A genetic therapy has improved the vision of patients who would otherwise have gone blind. A clinical study by British scientists has shown that the improvement is long-lasting and so the therapy is suitable to be offered as a treatment.
The researchers will apply for approval to begin trials to treat more common forms of blindness next year. The therapy involves injecting a working copy of the gene into the back of the eyes to help cells regenerate.
The results of the therapy, published in the New England Journal of Medicine, have been tried out on 14 patients in the UK and 18 in the US, Canada and Germany over the past four and a half years.
A team at Oxford University is treating a rare disorder called choroideremia. The disorder affects young men whose light-detecting cells in the backs of their eyes are dying because they have inherited a faulty gene.Until now, there has been no treatment and they gradually become blind.

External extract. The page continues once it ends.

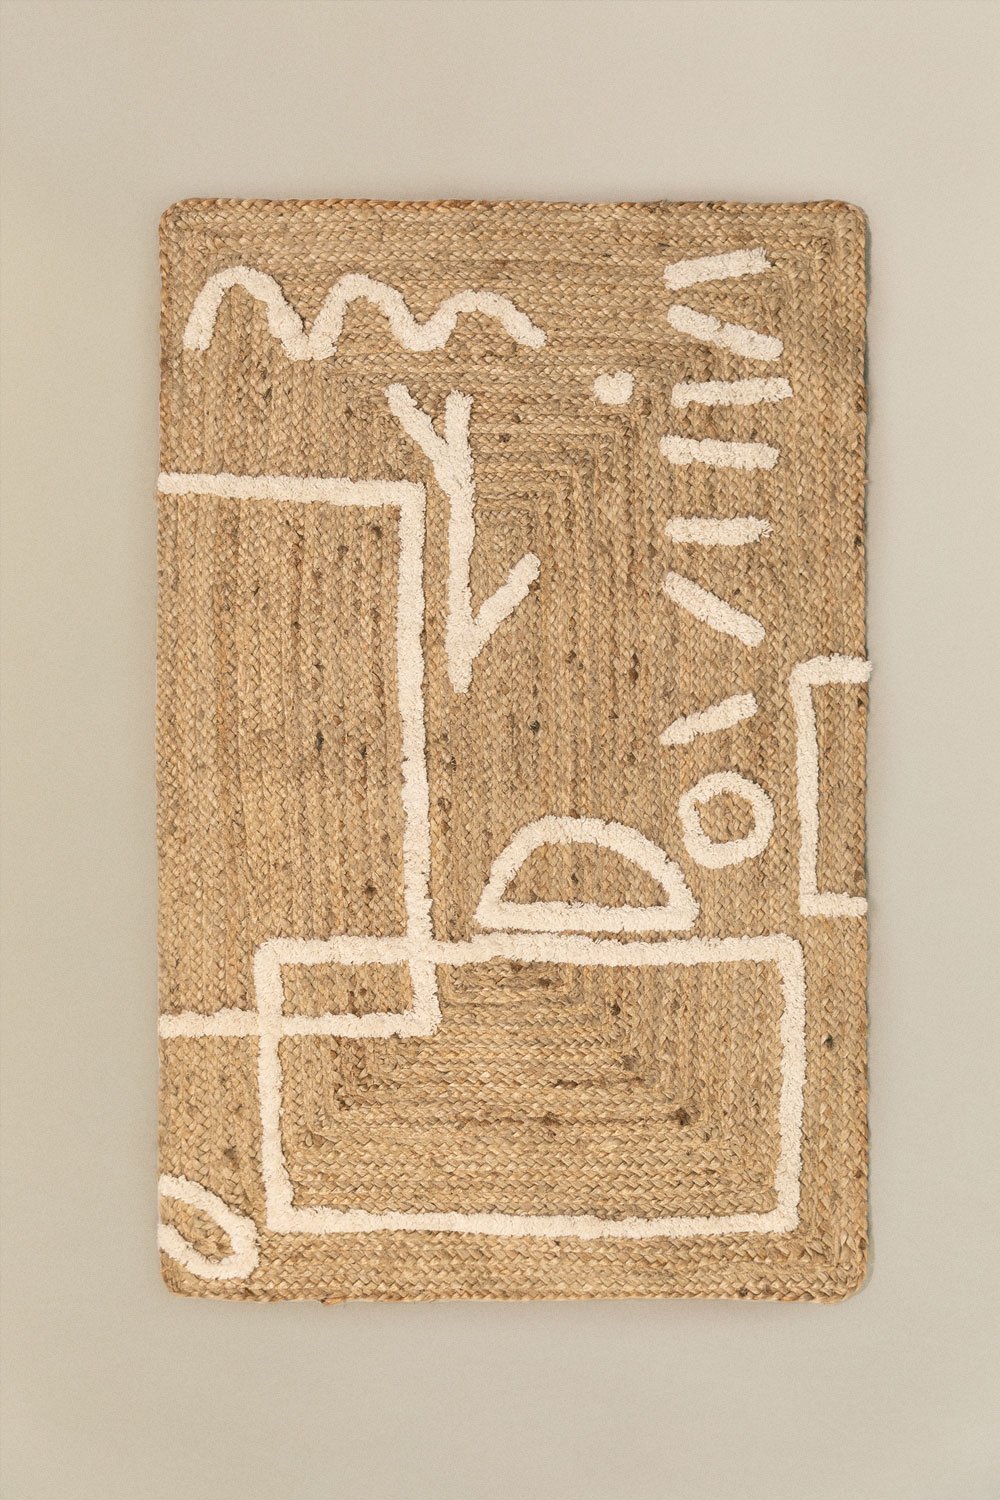 Vloerkleed van jute en katoen (112x71 cm) Dudle, galerij beeld 1

The researchers found that not only does the treatment halt the disease; it revives some of the dying cells and improves the patient's vision, in some cases markedly.
The study also indicates that the treatment is long-lasting. The first patient received the therapy four and a half years ago and his treated eye has shown no drop-off in vision. Indeed, there are still slight improvements in his vision in that eye.
If the next phase of larger trials goes as planned, a gene therapy for choroideremia will be licensed in three years.
The Research is funded by the Health Innovation Challenge Fund which is a partnership between the Wellcome Trust and the Department of Health.